Assignment: Each line below must be reproduced exactly as it stands. Pictures stay out of the copy.

Dataset excerpt:
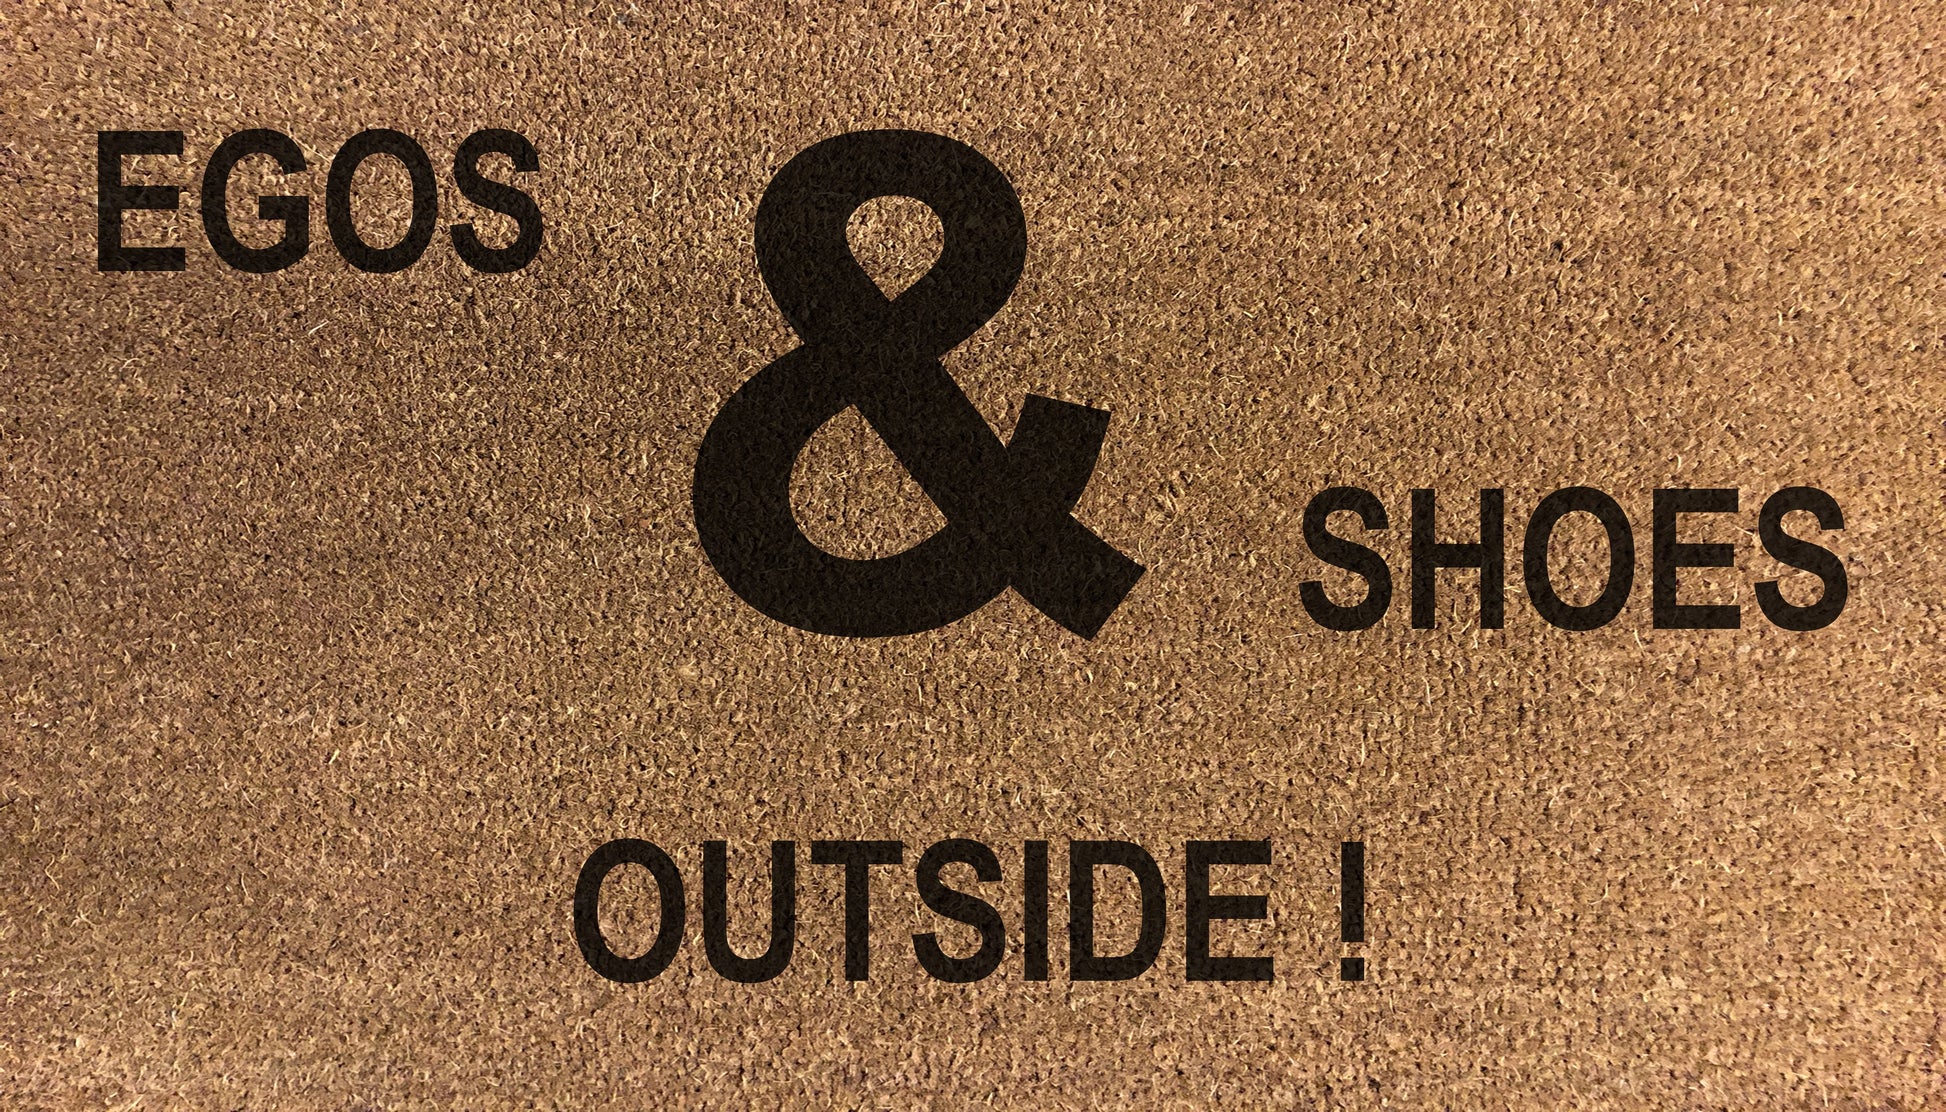 Egos & Shoes Outside! - DoormatsOnline
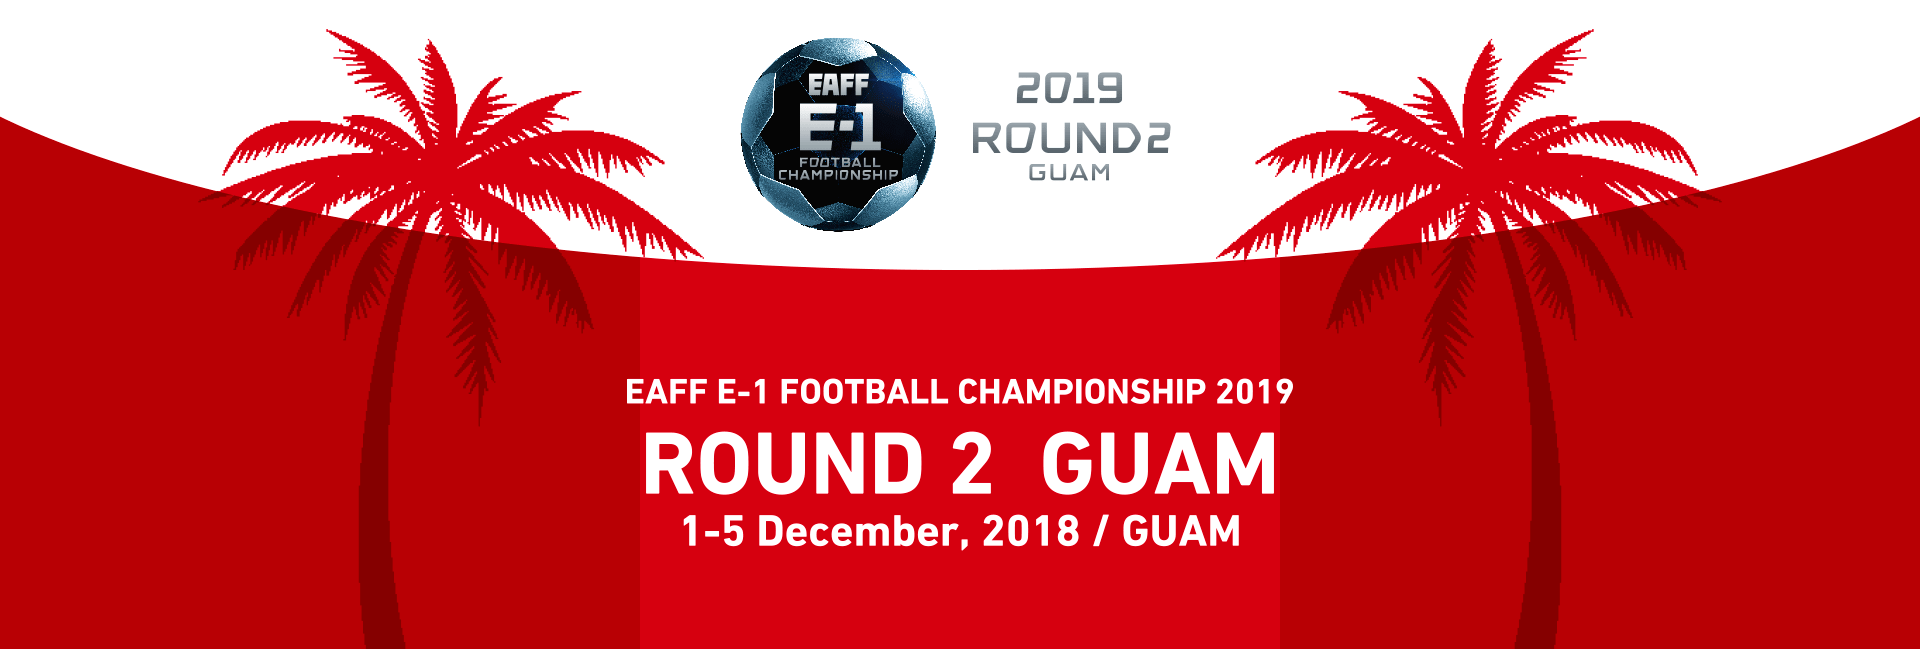 EAFF E-1 Football Championship 2019 Preliminary Round 2 Guam
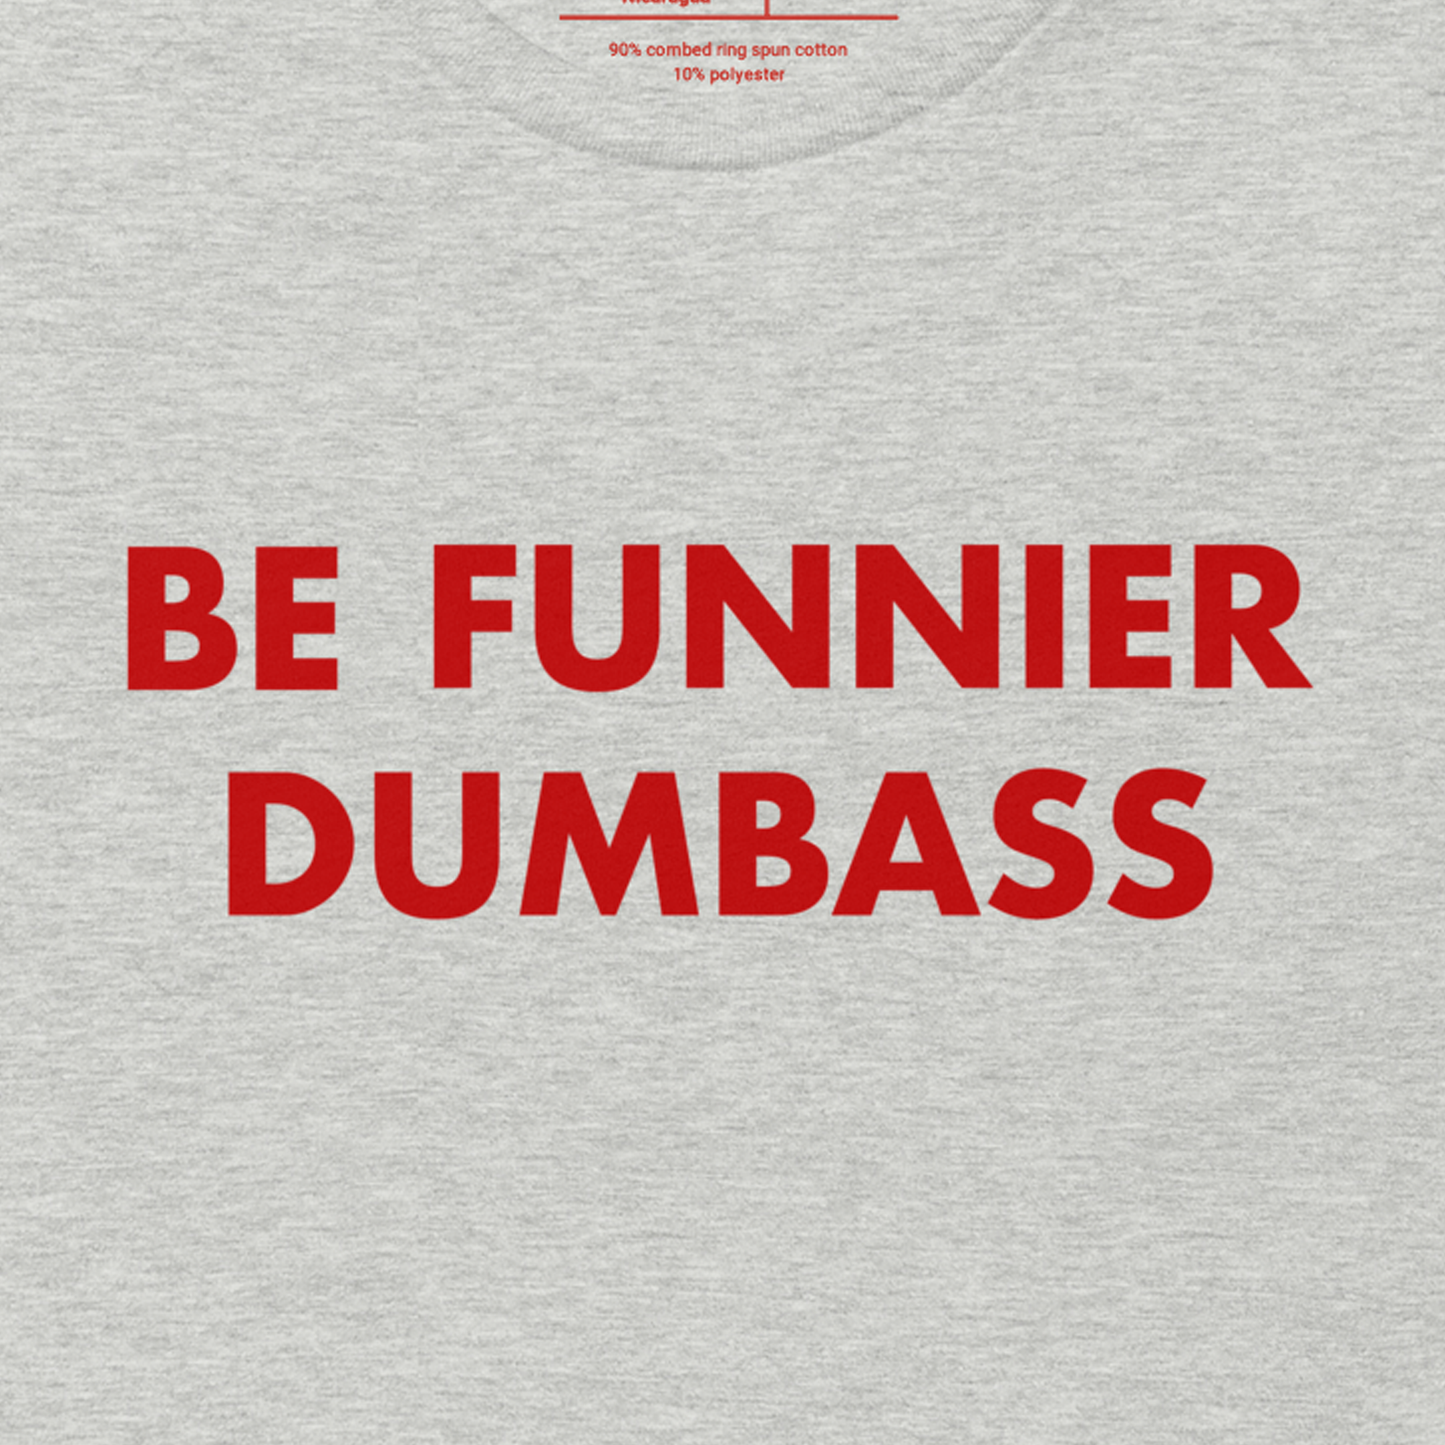 Saturday Night Live Be Funnier Dumbass 22 T-Shirt

Response to this task:
 Egos & Shoes Outside! - DoormatsOnline
 EAFF E-1 Football Championship 2019 Preliminary Round 2 Guam
 Saturday Night Live Be Funnier Dumbass 22 T-Shirt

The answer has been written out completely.